The Post - Khmer edition

The bond with readers is the key to The Post's successes.

More than ever, people are hungry for information. Amid the many competing voices that crowd Cambodia's Khmer-language newspaper market, readers want a news source they can trust.

Enter The Phnom Penh Post's Khmer-language edition, which hits the streets today after months of planning as a 24-page tabloid-format paper - independent of its English-language sister paper, The Phnom Penh Post.

The characteristic of a great newspaper is reliability.

With The Post Khmer, we intend to now extend the sense of trust cultivated over nearly two decades of publishing in Cambodia to our readers and advertisers in both languages.

No Khmer-language newspaper in modern Cambodia has proved itself to be a great one. If any can, it will be The Post.

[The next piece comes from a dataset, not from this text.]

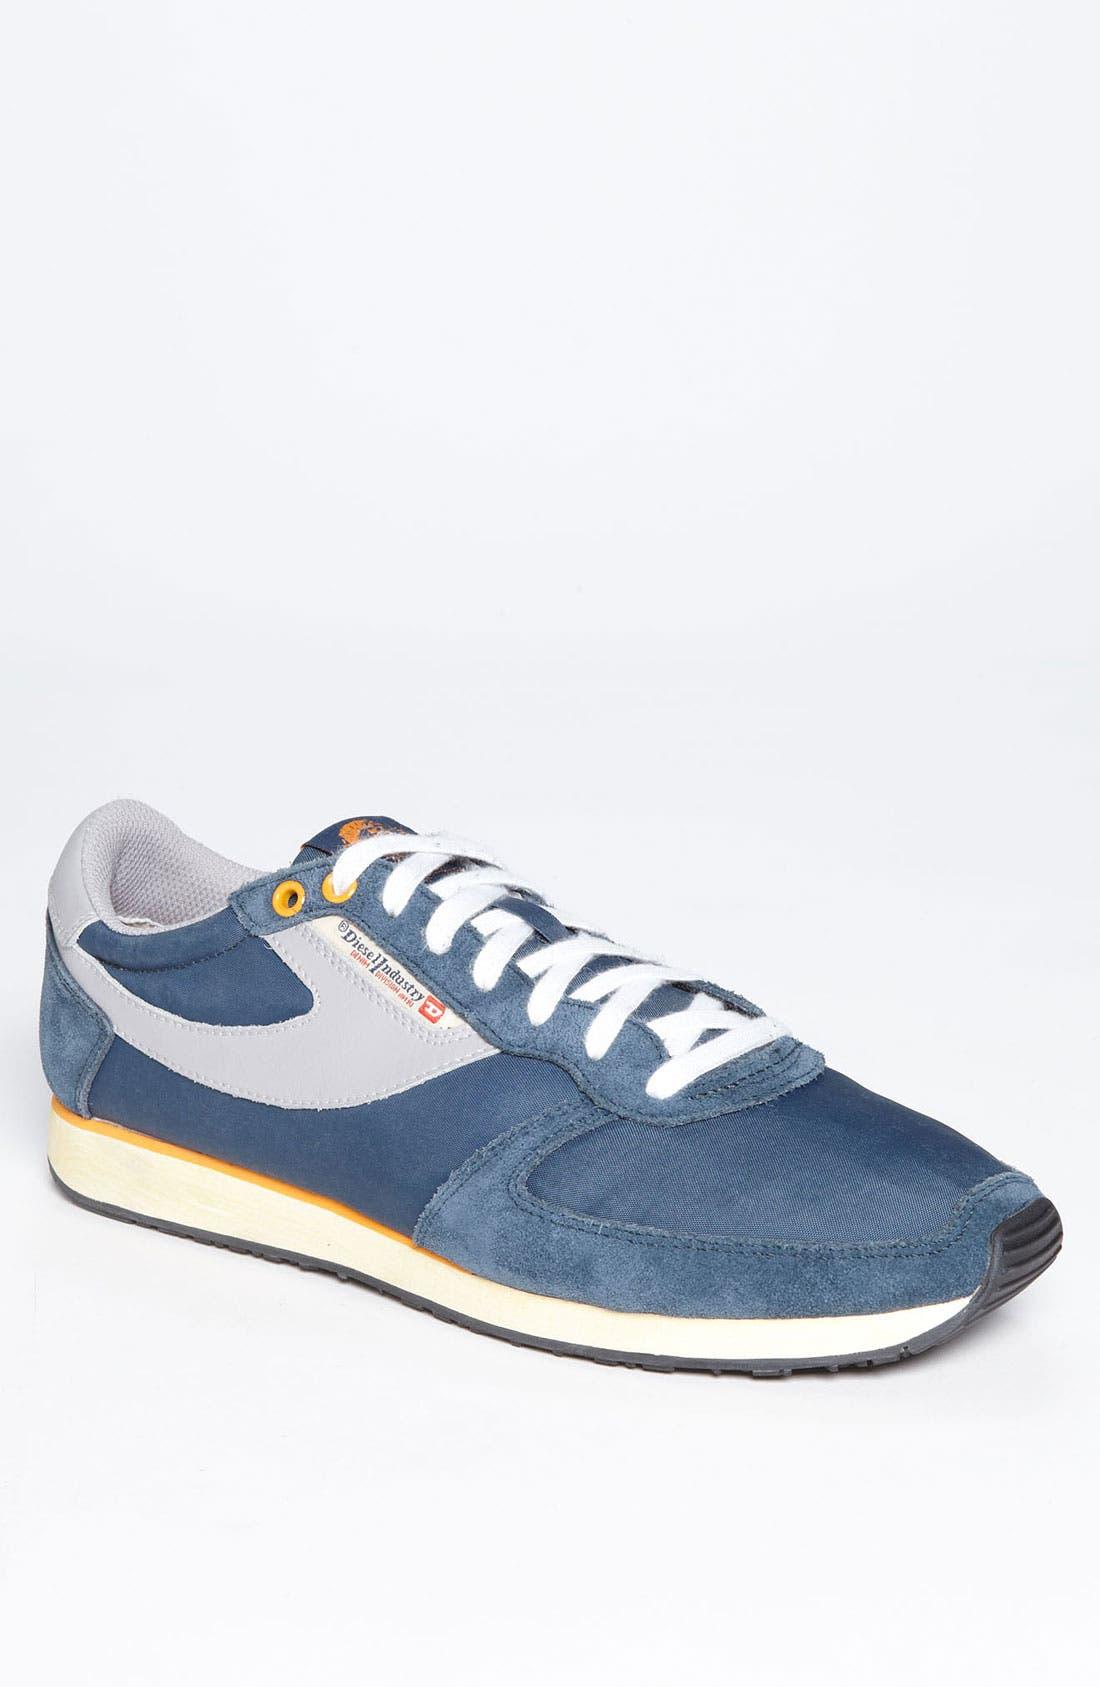 Alternate Image 1 Selected - DIESEL® 'Pass On' Sneaker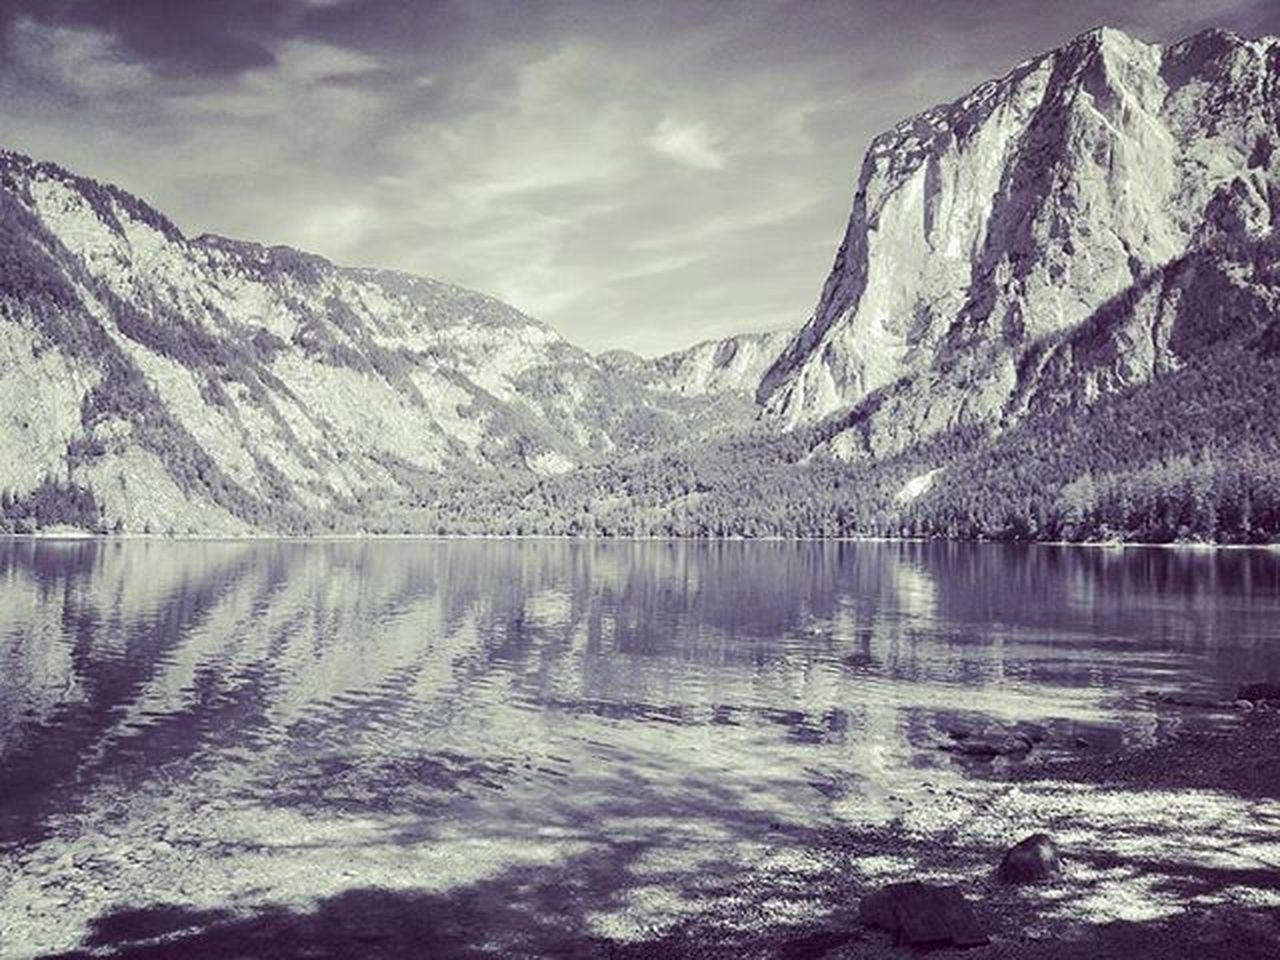 At Lake Mountain Aussee

Today's launch of Cambodia's only truly independent Khmer-language newspaper is, in itself, a momentous occasion.

The Post Khmer does not intend to stop there. It will evolve, reaching a wider audience - in the Kingdom and abroad - through both its print edition and one of the region's most comprehensive newspaper Web sites,, which offers not only the most up-to-date news, but a vast archive of stories, classified ads, a weekend lifestyle section and special supplements.

Back at home, The Post Khmer hopes to soon embrace technology that is commonplace in more developed markets, delivering news and advertising by SMS, Twitter and RSS feeds that will keep our readers as informed as any in Cambodia.

But behind these innovations is the fundamental, shoe-leather journalism that is at the heart of any great newspaper.

The Post Khmer's Cambodian staff of reporters and editors - some of the Kingdom's most experienced - will raise the bar for what is acceptable journalism for today's Khmer readers.

They will open the door for a younger generation of reporters to learn from the best and continue the tradition of journalistic excellence that is begun today.

They will be caretakers of a newspaper's most precious asset: its bond with it readers.

Cambodia is a small country with a still-smaller newspaper market, and it is crucial that The Post Khmer keep its audience in mind as it reports on what is important to readers across the Kingdom.

Political influence and commercial bias have no part in fair and objective reporting - not for the readers and certainly not for The Post Khmer's journalists.

Today is a celebration of the future of the Khmer-language press in Cambodia.

In these uncertain times for the newspaper industry, The Post Khmer will not only survive, but flourish as it straddles the worlds of traditional and digital media, and redefines how news is delivered to the Kingdom's Khmer readers.

Ross Dunkley is the publisher of the English- and Khmer-language editions of The Phnom Penh Post.